I will begin this post with a confession: I had intended to go back to the fest on Sunday and didn't make it. That means no video and a smallish sampling of beers for review. By my notes, I tried 13 on Friday, which amounts to a little more than 10% of the total available, and I had saved at least a half dozen in my mind to try on Sunday. So obviously, what follows is a wee smattering of all the beers on offer.
That disclaimer out of the way, here are those I did try, with my notes.
Haand Bryggeri Dark Force - A stout in the American style--thick and chalky, robust. Not intensely nuanced, but roasty and nice. [B-]
iQhilika African Birds Eye Chili Mead - Wild sensation. The base drink is a standard dry mead. As you swirl it around your mouth, you get almost none of the chili--it's just a pleasant, sweetish note. But then as the liquid starts going down the hatch, it really heats up, and the finish is all pepper. [B+]
Coniston Bluebird Bitter - Wonderful recipe, taking advantage of such few ingredients (the guide says it's a 3.5% ale). Creamy palate, mild biscuity sweetness, earthy hopping. Yeast has a characteristically English quality. [A]
De Proef Saison Imperiale - Saisons are one of the hardest styles to brew, and De Proef proves the point, delivering a treacly ale that seems more tripel than farmhouse. Creamy and fruity rather than crisp and dry. [C]
Bink Bloesem - Another abbey-style ale but without complexity. Flat palate, musty, and thin, despite the alcohol. A dud. [C-]
Pinkus Altbier - Switching gears to a nice, subtle beer. Very crisp and dry, but somehow richer than the sum of the parts would indicate. An excellent warm-weather beer. [B]
Oudbeitje - [notes as written, with added comments to follow] "Tart but not complex. Okay, as I drink it, it is--but more subtly than I first appreciated. Smoky notes, some mustiness. Very earthy. Strawberry nearly absent, but like old strawberries, decomposing almost. Sally arrives, notes 'Smells like compost!'" This beer delighted no one but me, and it did delight me, more and more as I drank it. Unlike anything I've tried--so organic tasting that it was one step beyond. But I like it out there in the ultrafunky Belgian wilderness. [A]
Rodenbach Grand Cru - People were giving me such a hard time about the Oudbeitje that I decided to get a Rodenbach to show that I knew good beer.
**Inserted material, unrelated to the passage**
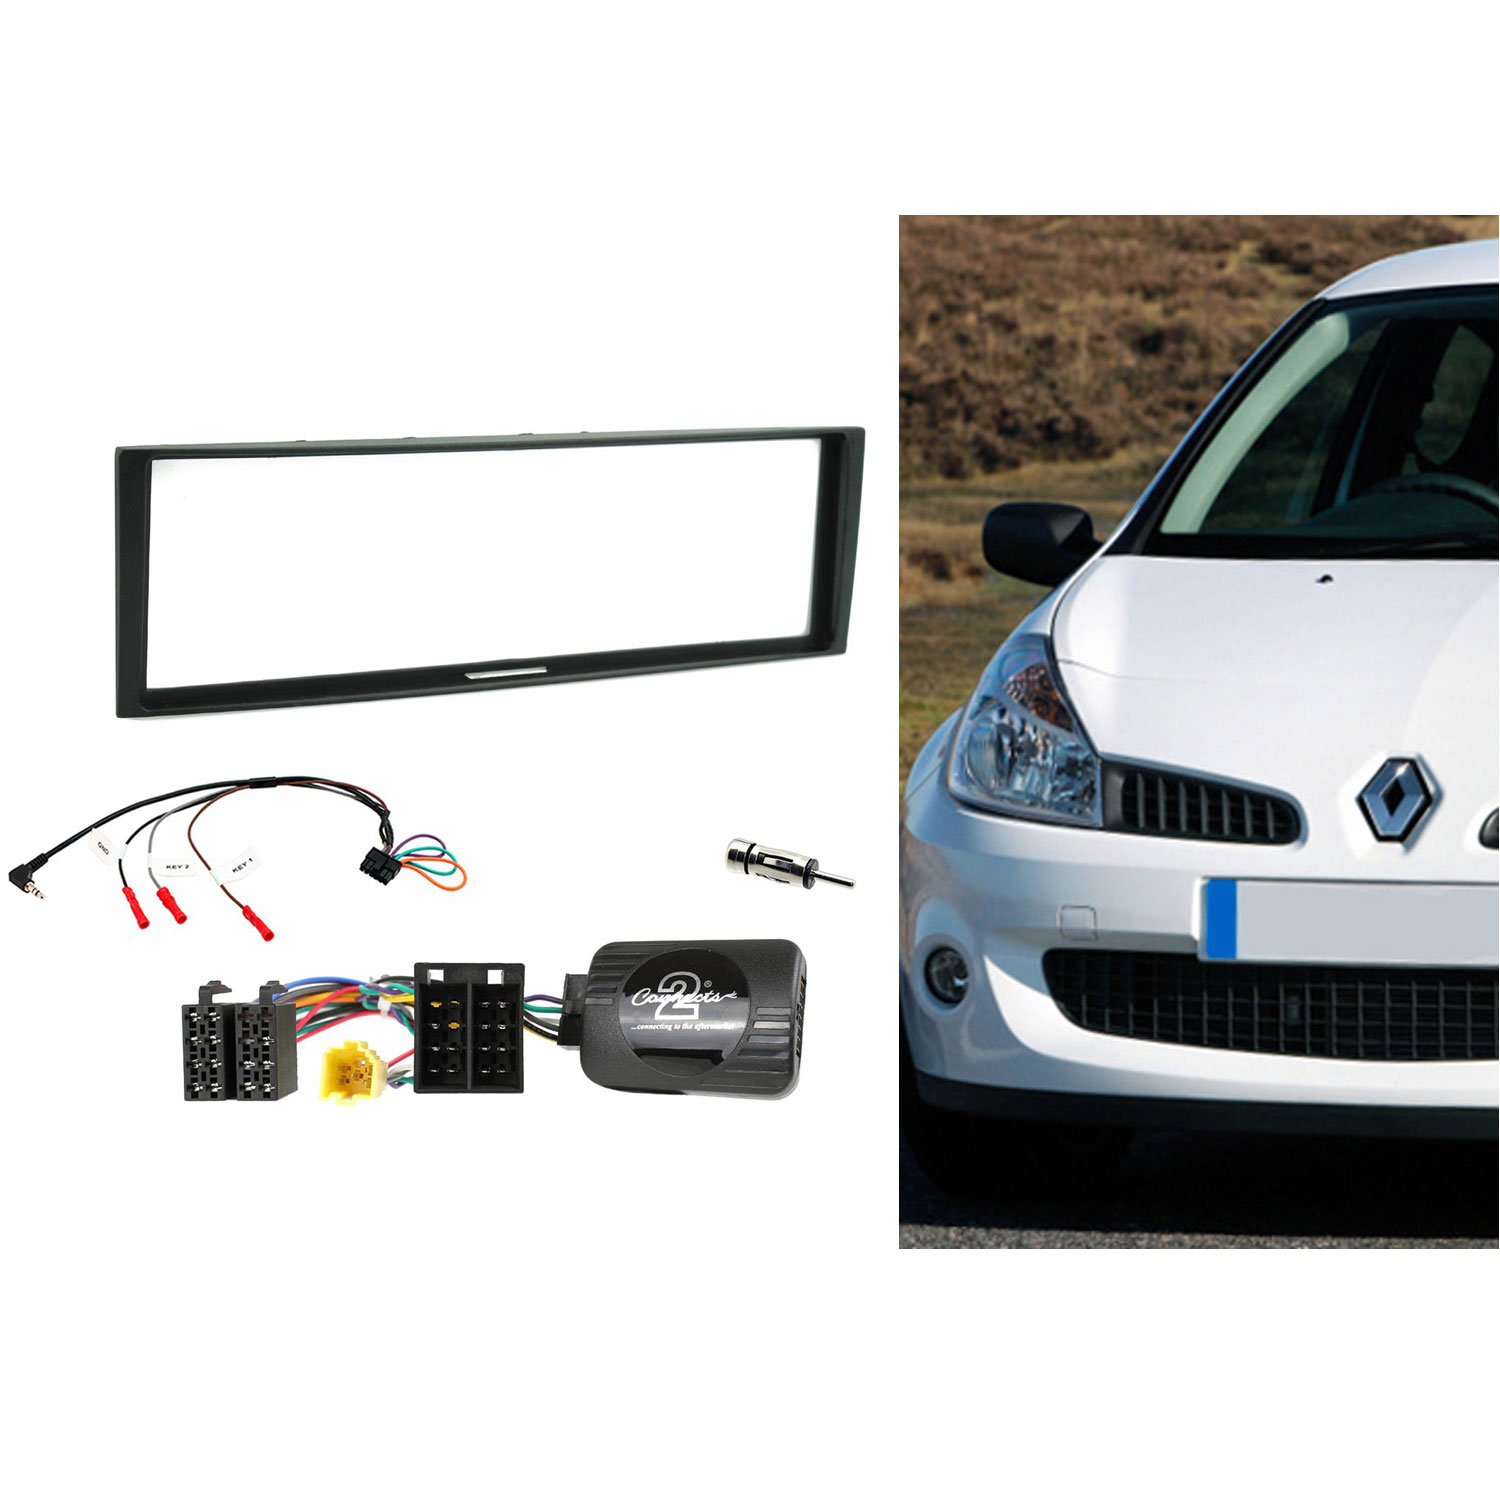 Sony Autoradio für Renault Clio 3 DAB+/Bluetooth/MP3/USB

This beer was bought out by Palm in 1998, and everyone has feared the worst. Grand Cru is aged in great oak tuns at the brewery which are decades old and contribute the unique character to the beer--perhaps my favorite in the world. Palm's intention to "modernize" the brewery had caused panic. When the brewery reintroduced Grand Cru a year ago, I have to admit I was too scared to try it. But I plucked up my courage and went for a pour. The result? Magnificent. If you've never had a Sour Flanders Red, it's difficult to describe the experience. They are sweet and sour simultaneously, but deep and resonant of palate. In my notes, I wrote "just the same." Go buy a bottle if you haven't tried it before. [A]
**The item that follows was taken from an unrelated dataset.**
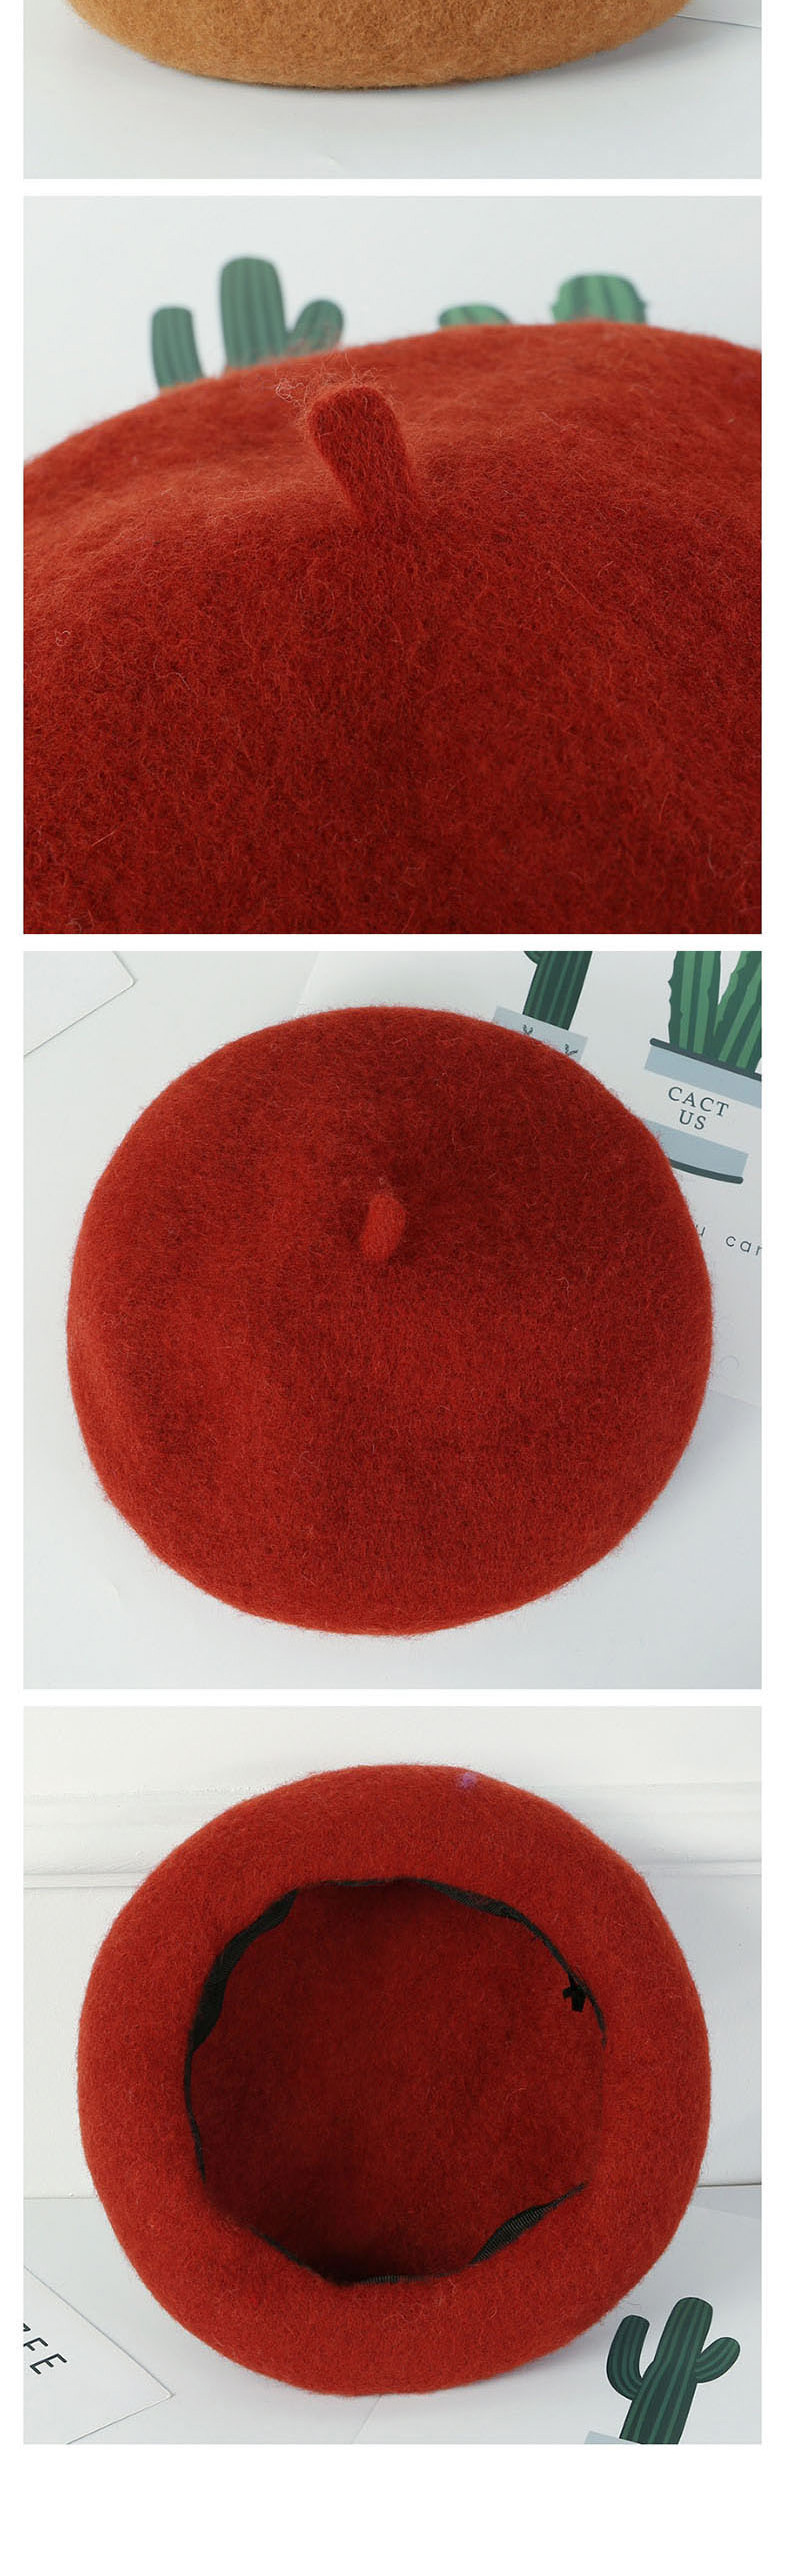 Fashion Korean Powder Woolen Beret,Sun Hats

Monchshof Schwartzbier - Faintly chocolaty, wet, not particularly distinctive. I would like it drier, and with a crisper malt palate. Not so hot. [C]
Spezial Rauchbier - This was actually Sally's beer, and she was nonplussed. I, however, thought it was quite nice. Perfumed with a very light, subtle smokiness. Roasty and malt-forward, with smoke lingering at the edge of perception, but a light, crisp, summery beer. Strikes me as a great example of German brewing. This beer is the oldest rauchbier still made (1536), in Bamberg, where the style was born. [B+]
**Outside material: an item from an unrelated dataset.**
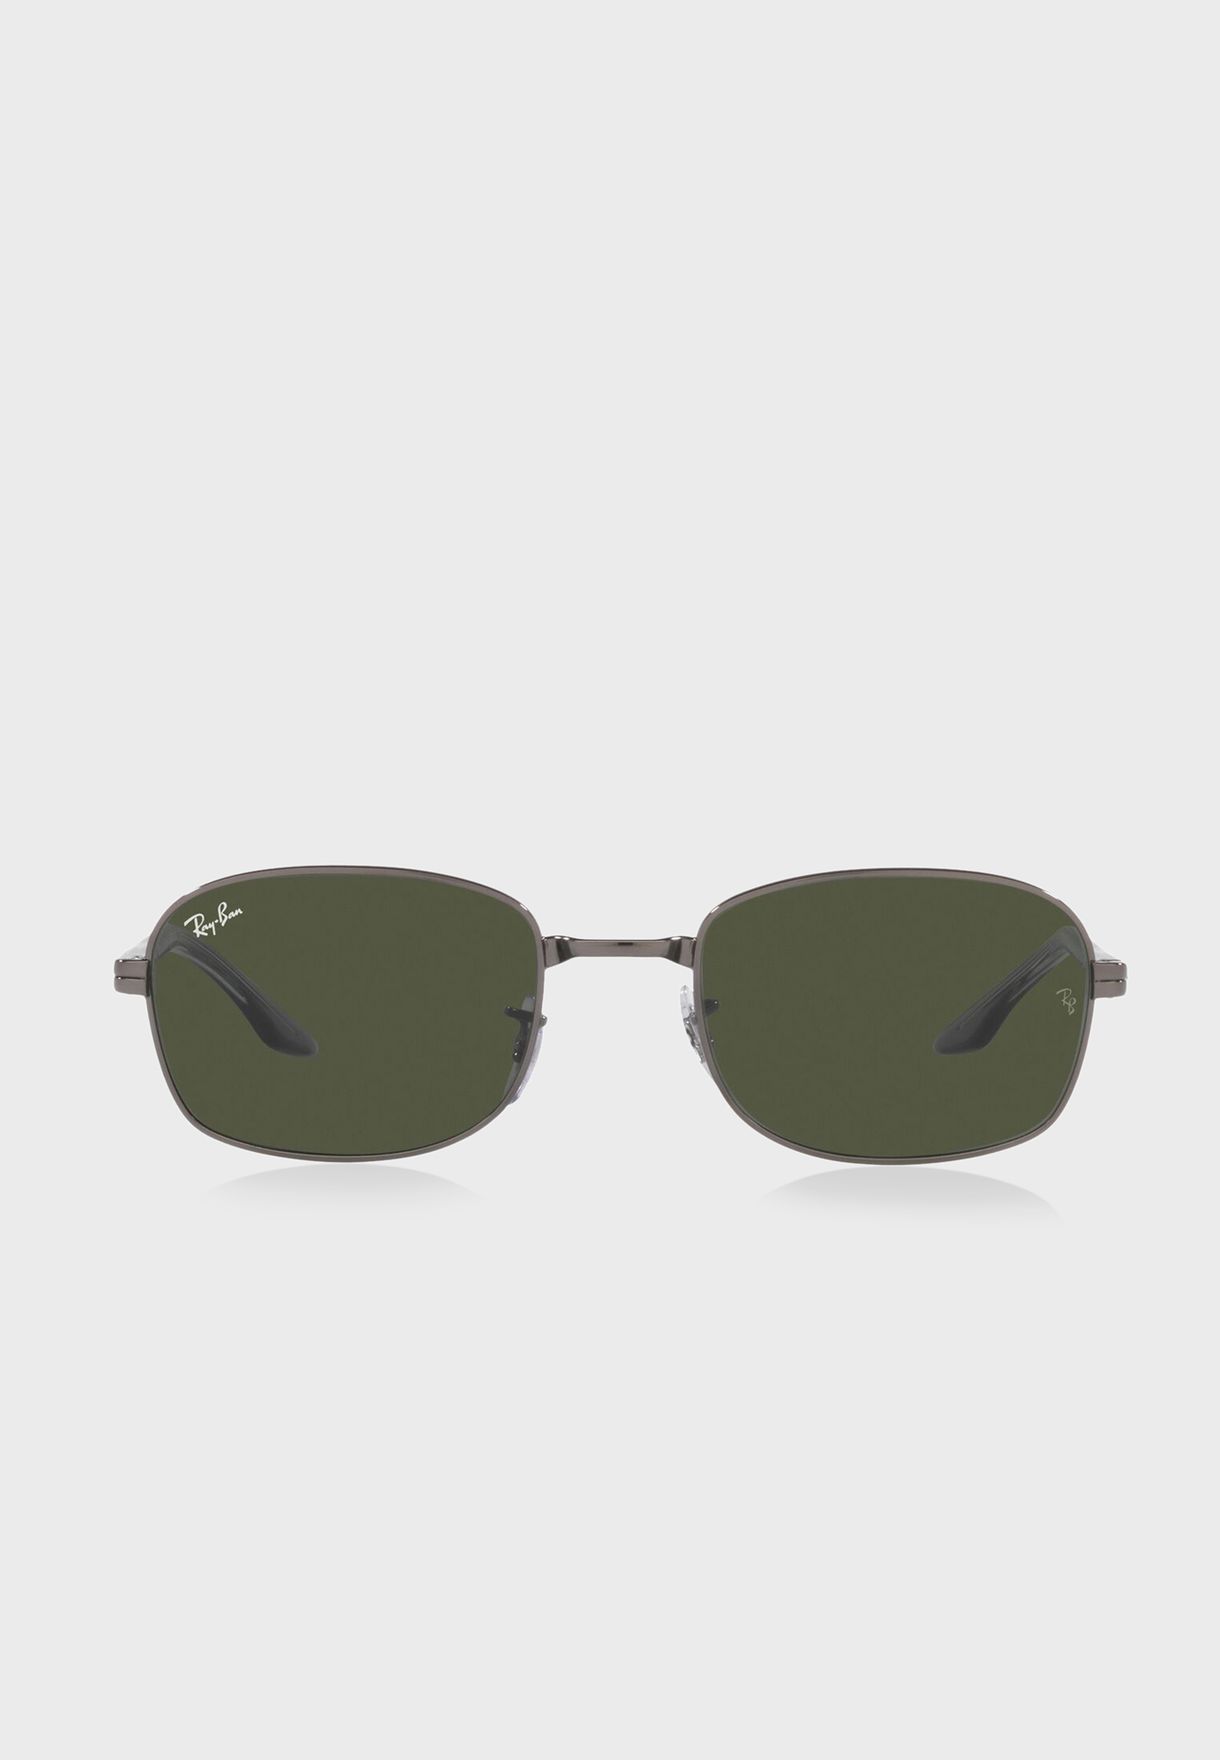 0Rb3690 Wayfarers Sunglasses

Haand Bryggeri Norwegian Wood - Billed as "moonshine," this is actually a traditional brewing style from Norway, with a recipe dating back to a time when all the beer was essentially homebrew. Malt is kilned by fire, and juniper berries are used in place of hops as seasoning. I didn't know this at the time, but my notes bear out the recipe: "Smoky like a rauch, slightly viscous in a way that suggests other grains might be used in the mash. Sweet, hearty brown ale." If you ever see a bottle, buy it for the experience. [B]
HW Lees Harvest Legavulin - I somehow missed that this beer, at 11.5% alcohol, only had 25 IBUs. Hoy! It was like a beer reduction, syrupy sweet and undrinkable. Sadly, none of the Scotch aging came through, except--possibly--in the nose. Or maybe I was just trying to give it some credit. [D-]
De Ranke Kriek - I actually went with four bucks over to the ticket counter for the Lees Harvest debacle, and realized I couldn't go out on such a beer. So back I went to buy three more tickets for an always-reliable kriek. This isn't my favorite example, but it is intense. The sourness shoots it into some kind of physics-bending dryness. The mouth puckers involuntarily. Cherry is mild, and there's a cellary-musty quality which inclines me to think it's been aged a bit. I picked up a hint of salt, which was unexpected but not altogether unwelcome. [B]
Thems the notes. Sorry there aren't more. Ah well, there's always next year!